By default tiles are saved to the filesystem, but this is not recommended for production usage as many of these files will be smaller than a typical 4k filesystem block and therefore as much as 90% of your hard disk may be wasted on empty space. Additionally, there is overhead in creating and traversing directory structures to access the tiles. Tokyo Cabinet is a persistent, fast, and durable hashtable that increases the efficiency of storing and retrieving billions of relatively small key-value pairs. Tokyo Tyrant provides a network interface to this hashtable that simplifies simultaneous usage by multiple processes. ChromoZoom supports saving its scraped tiles directly to a Tokyo Cabinet hashtable (.tch) file, and retrieving them for the web interface.

To support this you must install:

On OS X, the binaries are available via MacPorts in the tokyocabinet and tokyotyrant portfiles, but Tokyo Tyrant appears to have a bug with UNIX domain sockets. Inconveniently, the only fix is to download the Tokyo Tyrant source directly, apply a patch provided in this repo as ttserver-macosx-socketfix.patch, and install it over the MacPorts binary. So, in total:

$ sudo port install tokyocabinet tokyotyrant
$ cd /tmp && curl -O
$ tar xvzf tokyotyrant-1.1.41.tar.gz
$ cd tokyotyrant-1.1.41
$ patch -p0 < path/to/this/repo/ttserver-macosx-socketfix.patch
$ ./configure --prefix=/opt/local && make && sudo make install

If you are on Debian ≥6.0.0 "squeeze" or Ubuntu ≥10.10 "maverick" all binaries should be available as packages, so all you need is:

$ sudo apt-get install tokyocabinet tokyotyrant

The tile stitcher will take care of starting a Tokyo Tyrant instance for each genome that you are scraping. You will find *.sock UNIX domain sockets appear in /tmp while these servers are running.

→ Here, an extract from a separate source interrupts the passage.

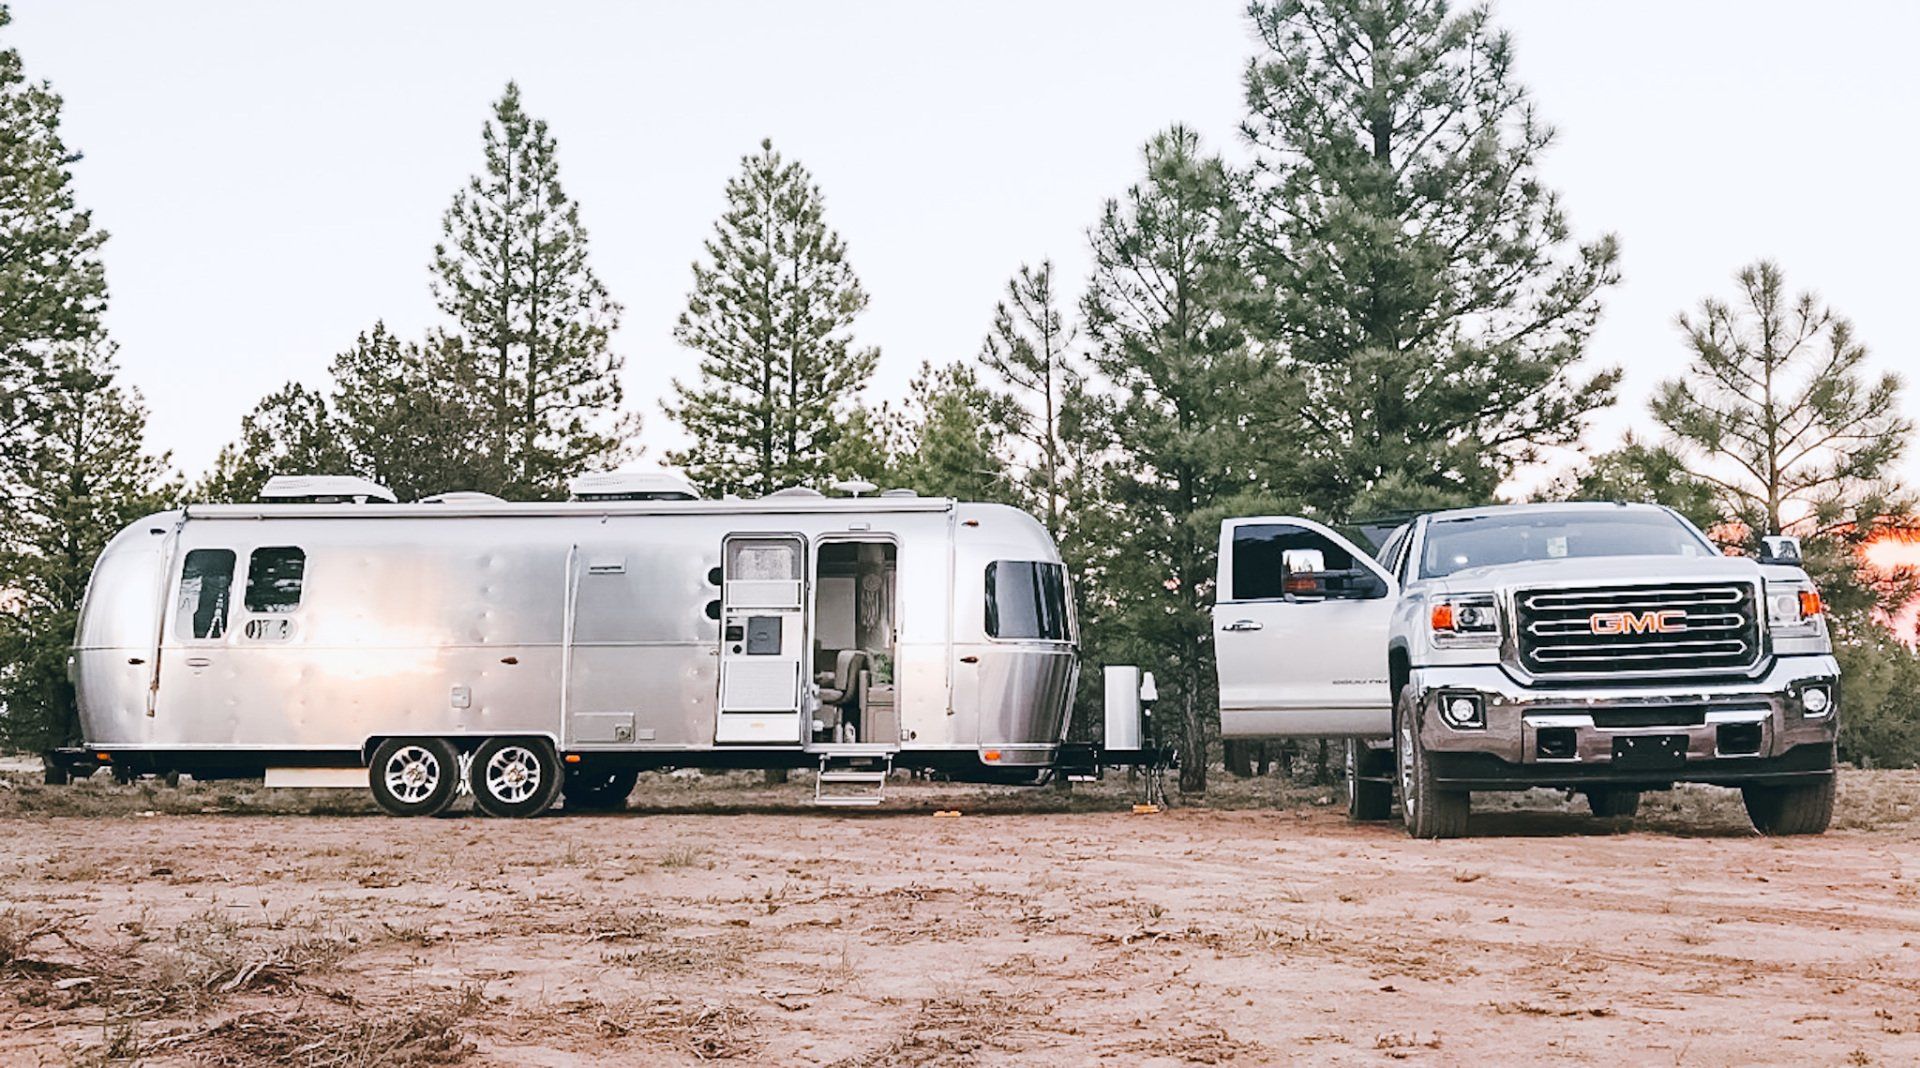 Full Time RV Living in an Airstream travel trailer free camping outside of Bryce Canyon National Park

However, in a production environment, you may wish to start these servers automatically with init scripts.

Building the native extension for image processing

This enhancement will perhaps only make a difference if you are processing large genomes across many machines and the (very inefficient) image processing performed by the ImageMagick utilities begins to consume a significant fraction of your render time. However, it is very easy to install. You must have gcc, make, and the Ruby development headers to build the extension. If you are are on Mac OS X with MacPorts, you already have all these things. In the unlikely event that you are on Debian and don't have them, you can fix that with:

$ sudo apt-get install build-essential ruby1.8-dev

Once you're ready to proceed, go to the root of this repo and run:

$ rake build_native

and the files under ext/ will be compiled into a Ruby extension suitable for your platform. If this works, you will no longer see the "native image processing extension" warning when you start the tile stitcher.

Note that the native extension will only run if you have installed Tokyo Cabinet per the directions above.